What is an optically pure triglyceride that provides two equivalents of pentanoic acid and one equivalent of butanoic acid after the KOH saponification of trimyristin to isolate myristic acid?? I don't even know how to begin to answer this question and would really appreciate any help!! Thank you!
2007-03-14 18:48:38 · 1 answers · asked by Anonymous in Science & Mathematics ➔ Chemistry
A triglyceride is a glycerol molecule with all 3 -OH esterified with fatty acids.
Saponification is the hydrolysis of the ester bonds, giving glycerol and the salts of the acids.
So since you get 2 equivalents of pentanoic and 1 of butanoic it means the the 2 out of 3 -OH groups of glycerol are esterified with pentanoic acid and the remaining -OH group with butanoic.

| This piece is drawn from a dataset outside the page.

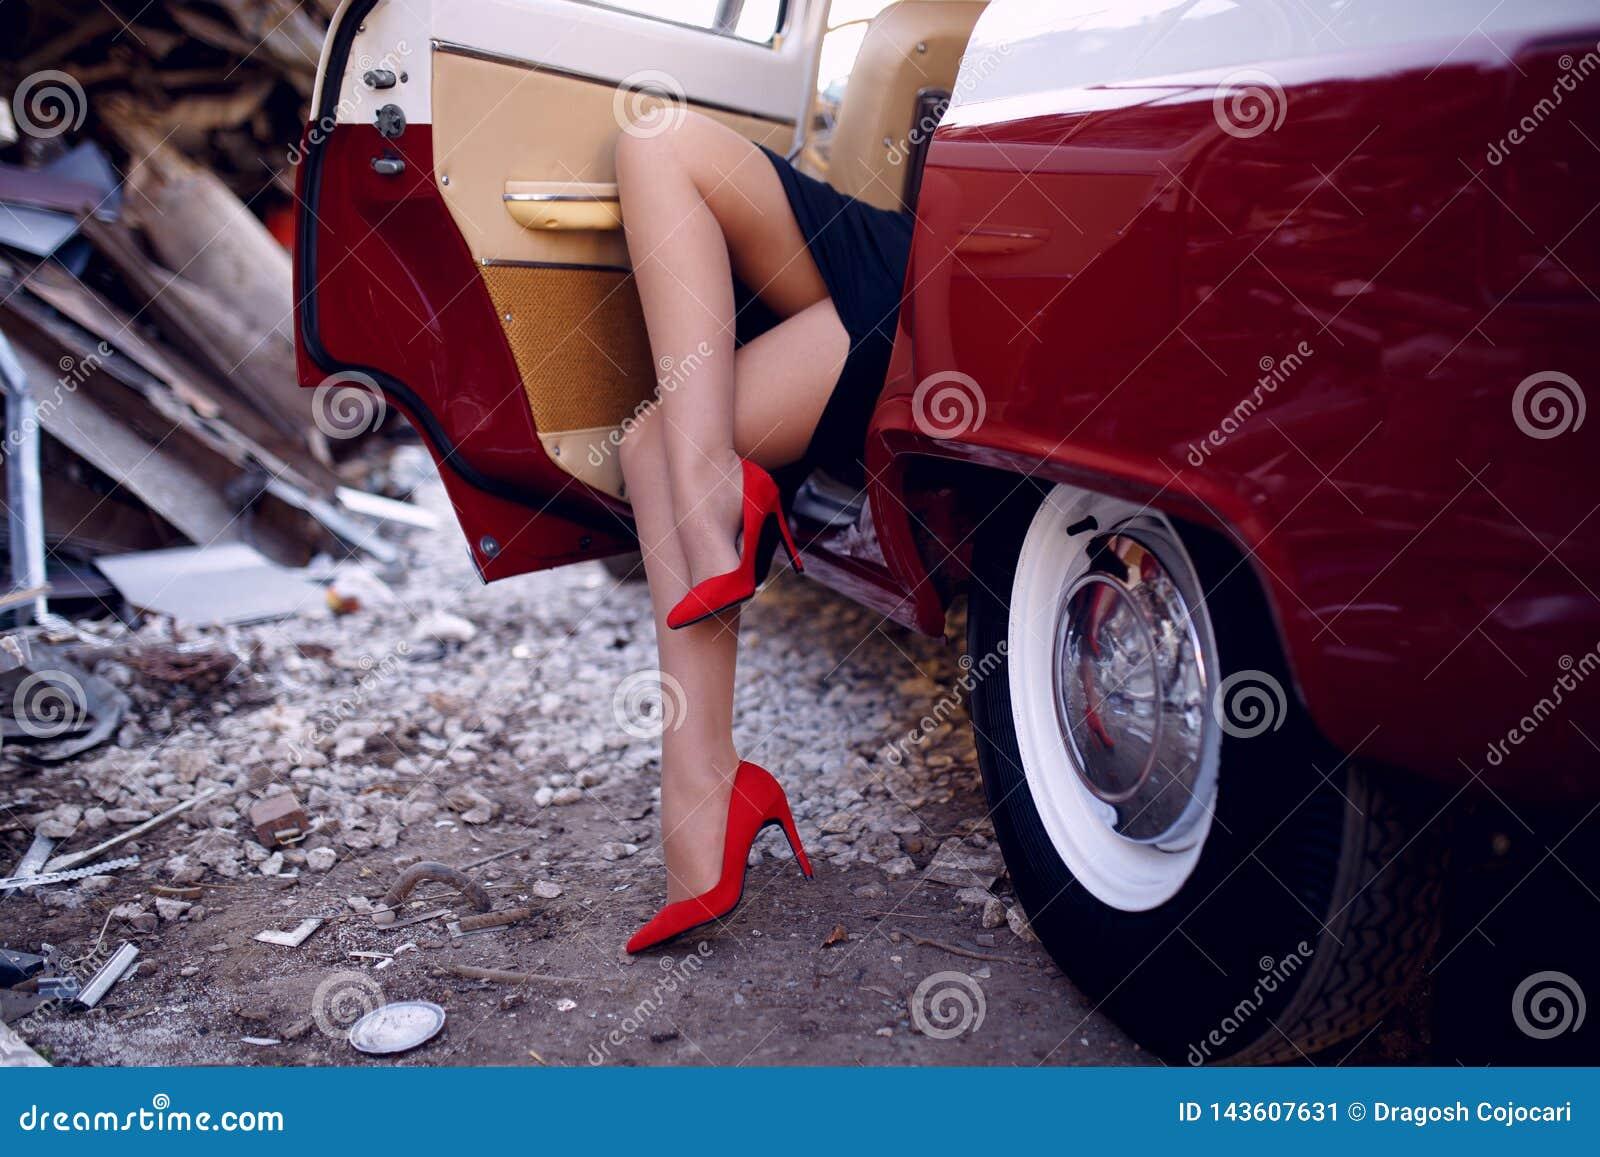 Κλείστε επάνω τα πόδια γυναικών στα κόκκινα τακούνια παπουτσιών καθμένος μέσα στο εκλεκτής ποιότητας κόκκινο αυτοκίνητο στο υπόβα

You have 2 possibilities: either the 2 pentanoic acids are esterified with -OH on C1 and C2 or with the -OH on C1 and C3:
.. ..CH2-O-CO-CH2-CH2-CH2-CH3
.. ..l
H-C-O-CO-CH2-CH2-CH2-CH3
.. ..l
.. ..CH2-O-CO-CH2-CH2-CH3
You see that in this case the C-2 of glycerol has 4 different substituents so it is a chiral center and the molecule is optically active. Let's see in the other case what happens
.. ..CH2-O-CO-CH2-CH2-CH2-CH3
.. ..l
H-C-O-CO-CH2-CH2-CH3
.. ..l
.. ..CH2-O-CO-CH2-CH2-CH2-CH3
Now C-2 has 2 identical substituents so it is no longer a chiral center and the molecule is not active (Note that in either case all other C atoms have at least two identical substituents, that's why we don't bother to examine them)
So the first structure corresponds to the molecule you are looking for.
2007-03-15 00:45:19 · answer #1 · answered by bellerophon 6 · 0⤊ 0⤋